Она хотела дотронуться до его лица, но не смогла поднять руку. Тело по-прежнему отказывалось ей повиноваться. Зато стук сердца эхом отзывался в ушах, а хриплое дыхание казалось оглушительно громким. Эви стало страшно, что теперь так будет всегда.

— Я вижу, — мрачно отозвался ветер. — Лучше не бывает. Ты хоть пошевелиться можешь?

— Ну… — неопределенно протянула Эвинол, — если постараться.

— В бездну все! И как я дал уговорить себя на это безумие!

— Ты зря так злишься, — она старалась бодриться, хотя страх не отпускал, сжимая бедное сердце когтистой лапой. — Это всего лишь слабость, она пройдет.

Вот бы еще самой в это поверить. Инослейв ничего не ответил, оторвался от земли и понес Эви в башню. В спальне он уложил ее на кровать и уселся рядом с мрачно-скорбным видом. Эвинол попробовала слегка оторвать голову от подушки. К ее радости и облегчению, это удалось. Приободрившись, она решила хоть чем-то занять Инослейва.

— Я пить хочу.

Расчет оправдался: ветер поднялся и принялся суетиться. Пока он мучился с приготовлением чая, Эви пробовала пошевелить то рукой, то ногой. Тело постепенно начинало вновь слушаться ее, хотя даже простейшие движения давались с трудом и отнимали силы, которых и без того не было. И все же каждая удачная попытка сжать пальцы или повернуть ступню вселяла в Эвинол уверенность, что все будет хорошо. Сердце билось ровнее и тише, дыхание стало свободнее. Слабость никуда не делась, даже усилилась, но сама по себе она уже не пугала.

Через некоторое время она почти успокоилась и уже недоумевала по поводу недавнего страха остаться навеки бессильной и неподвижной. В конце концов, разве она не богиня? Людские молитвы даровали ей бессмертие, неужели же они не помогут восстановить силы?

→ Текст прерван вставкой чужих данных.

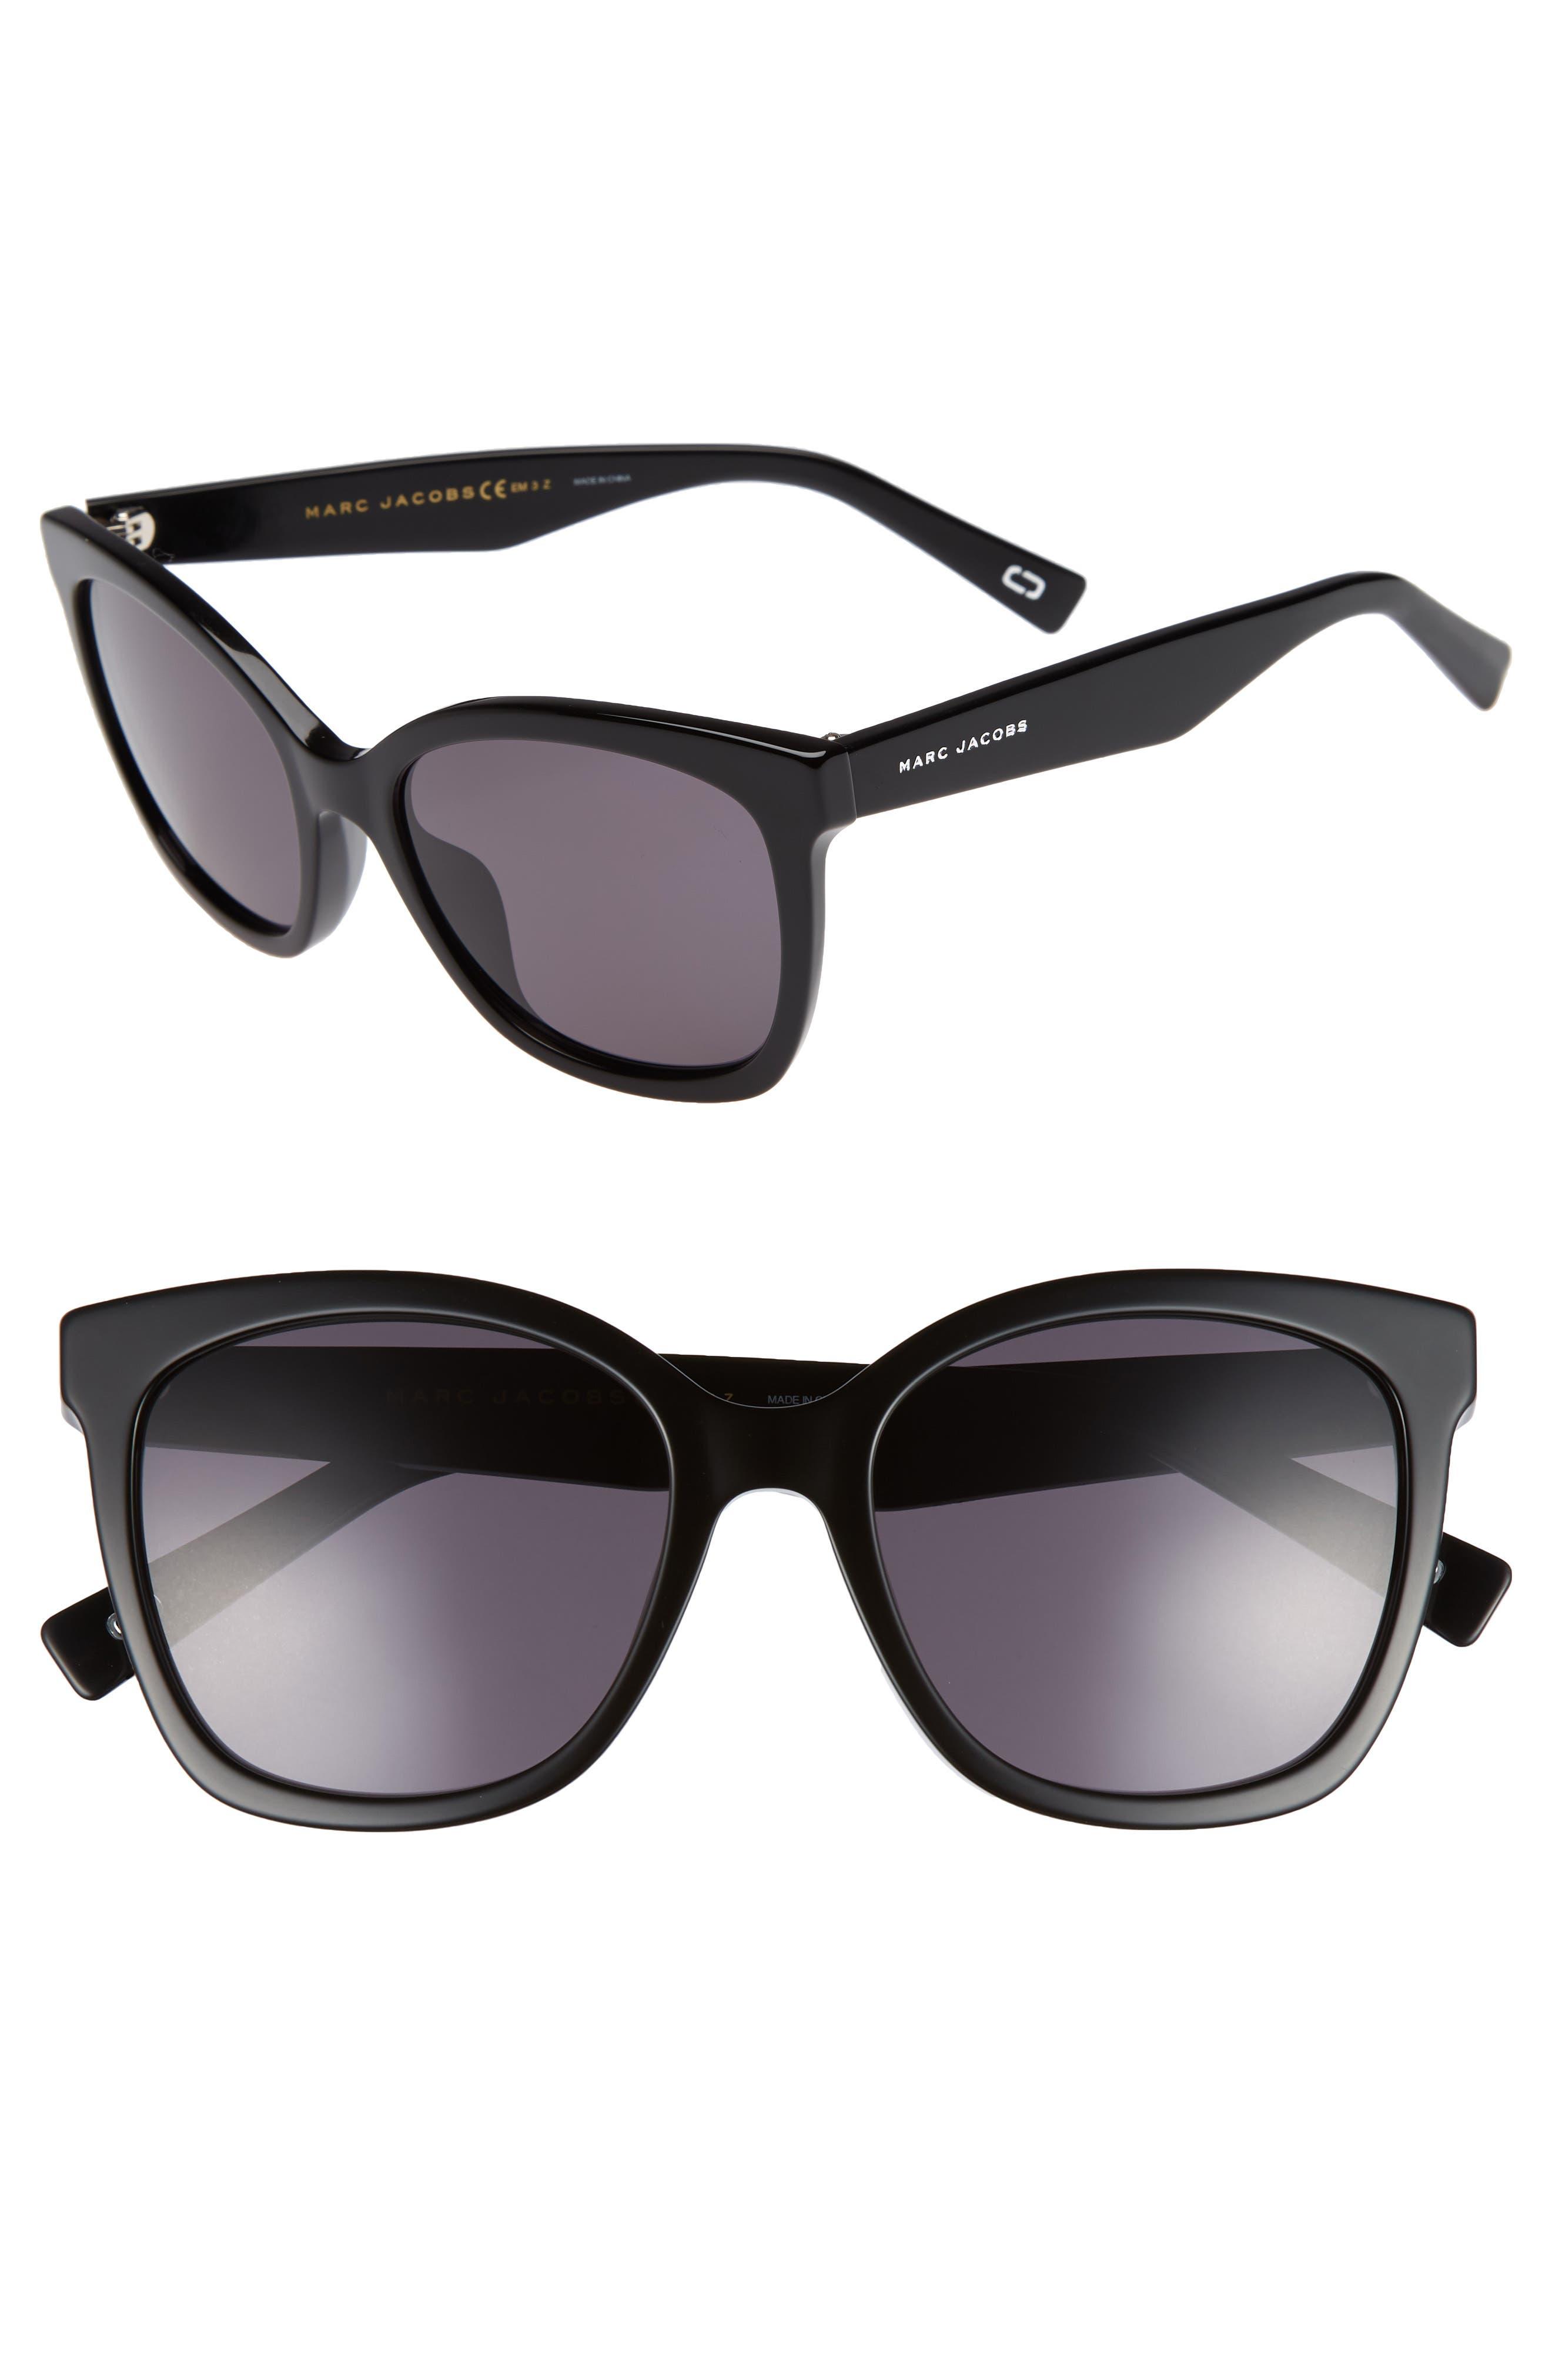 54mm Gradient Lens Sunglasses,                             Main thumbnail 1, color,                             Black Polar

Ветер вернулся с чашкой, от которой поднимался пар. Одной рукой он приподнял голову Эви, поддерживая ее, в другой сжимал чашку, осторожно поднося к ее губам. Эвинол сделала несколько глотков и закашлялась.

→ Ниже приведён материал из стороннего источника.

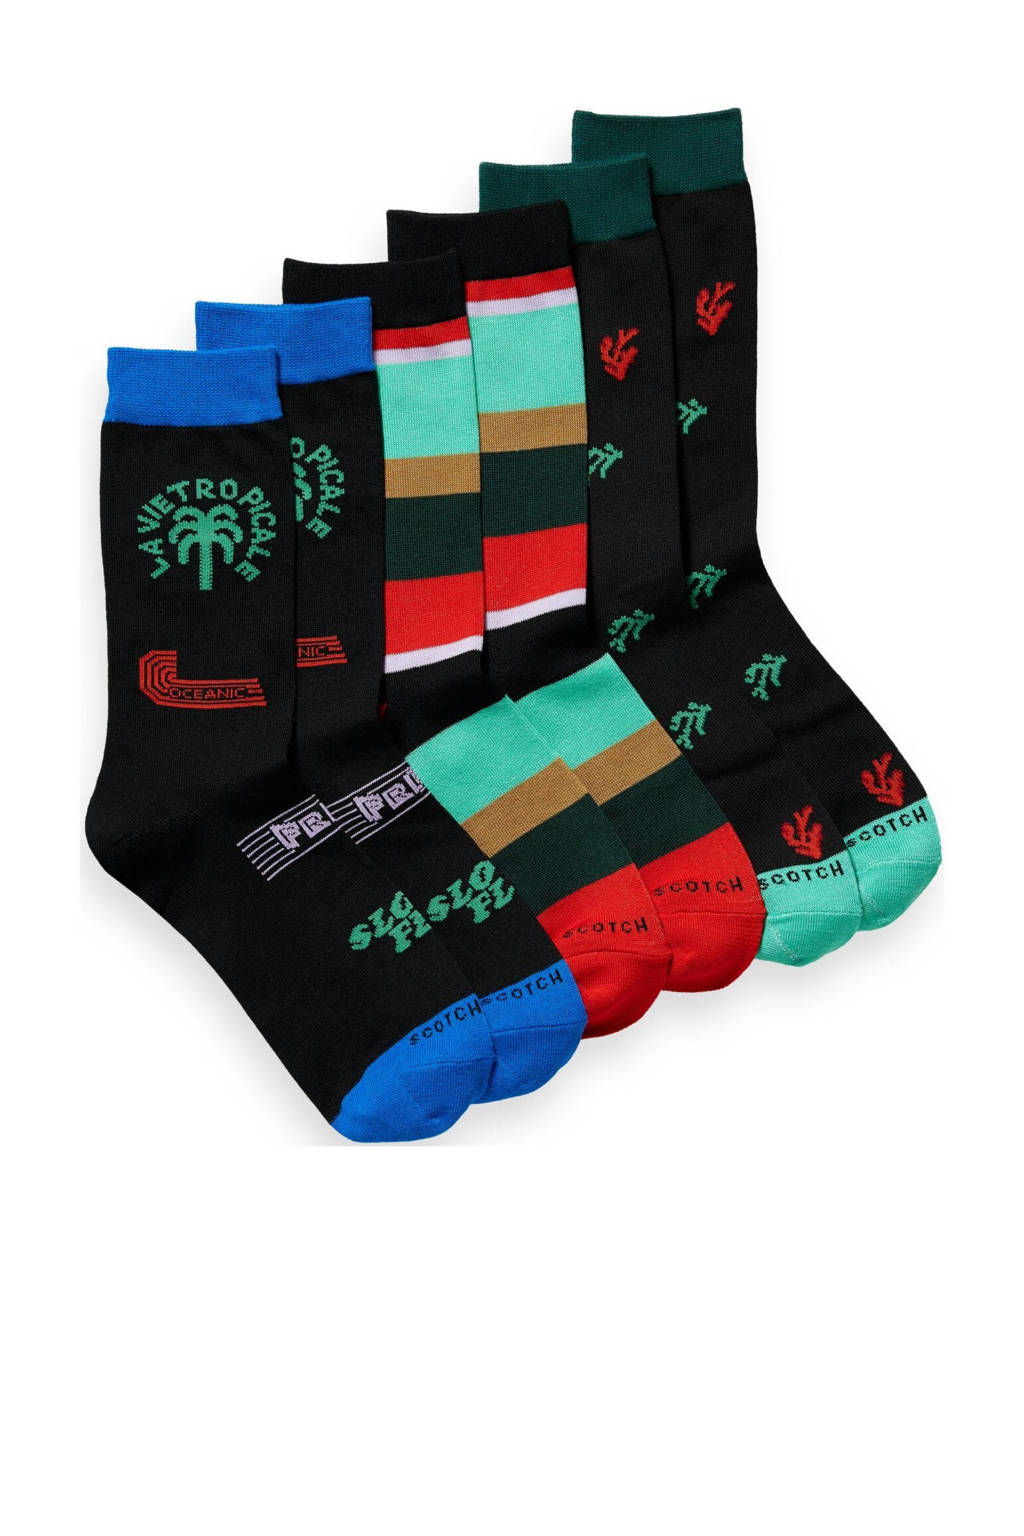 Scotch & Soda sokken - set van 3 zwart/multi, Zwart/multi

— Горячо же! — пожаловалась она. — Только ожогов мне не хватало.

— Прости, — расстроился ветер. — Я совсем не разбираюсь в таких вещах. Мне казалось, ты всегда пьешь свой чай горячим.

— Не настолько же, — бросив взгляд на виноватое лицо Инослейва, она смягчилась. — На самом деле не так уж горячо, сейчас остынет.

Сделав еще пару глотков, Эви не удержалась от новой придирки.

— Ты вылил туда весь мой жертвенный мед? — ехидно поинтересовалась она. — Я, конечно, люблю сладкое, но не настолько же.

— Сейчас это тебе нужно для восстановления сил.

Эвинол не стала спорить. Тем более, чрезмерно сладкий вкус напитка и впрямь казался целительным. В другое время она бы не смогла глотать эту приторную обжигающую смесь, а сейчас пила почти с удовольствием. Выпив примерно половину, она уже смогла протянуть руку, чтобы взять кружку самостоятельно. Инослейв тут же обхватил ее пальцы своими, помогая удерживать кружку, все еще казавшуюся непомерно тяжелой.

— Тебе лучше? — заботливо спросил он.

— Определенно.

— Тогда я могу тебя порадовать, — выражение его лица не вязалось со словами, на нем не было и тени радости.

— Чем? — она чуть приподнялась на подушках, радуясь даже такому простому движению.

— Похоже, я знаю, где искать Инниаль и остальных.

— Но откуда? — удивилась Эвинол. — Инниаль снова позвала тебя?

— Нет, — он держал ее руку в своей, мягко перебирая пальцы, но смотрел в сторону. — Это твои силы, Эви. Они действительно переполняют меня. Я чувствую, что могу многое, о чем раньше и помыслить не мог. Не уверен, что даже Тантарин была так сильна, как я сейчас. Ты и не догадывалась, насколько могущественна, светлая моя.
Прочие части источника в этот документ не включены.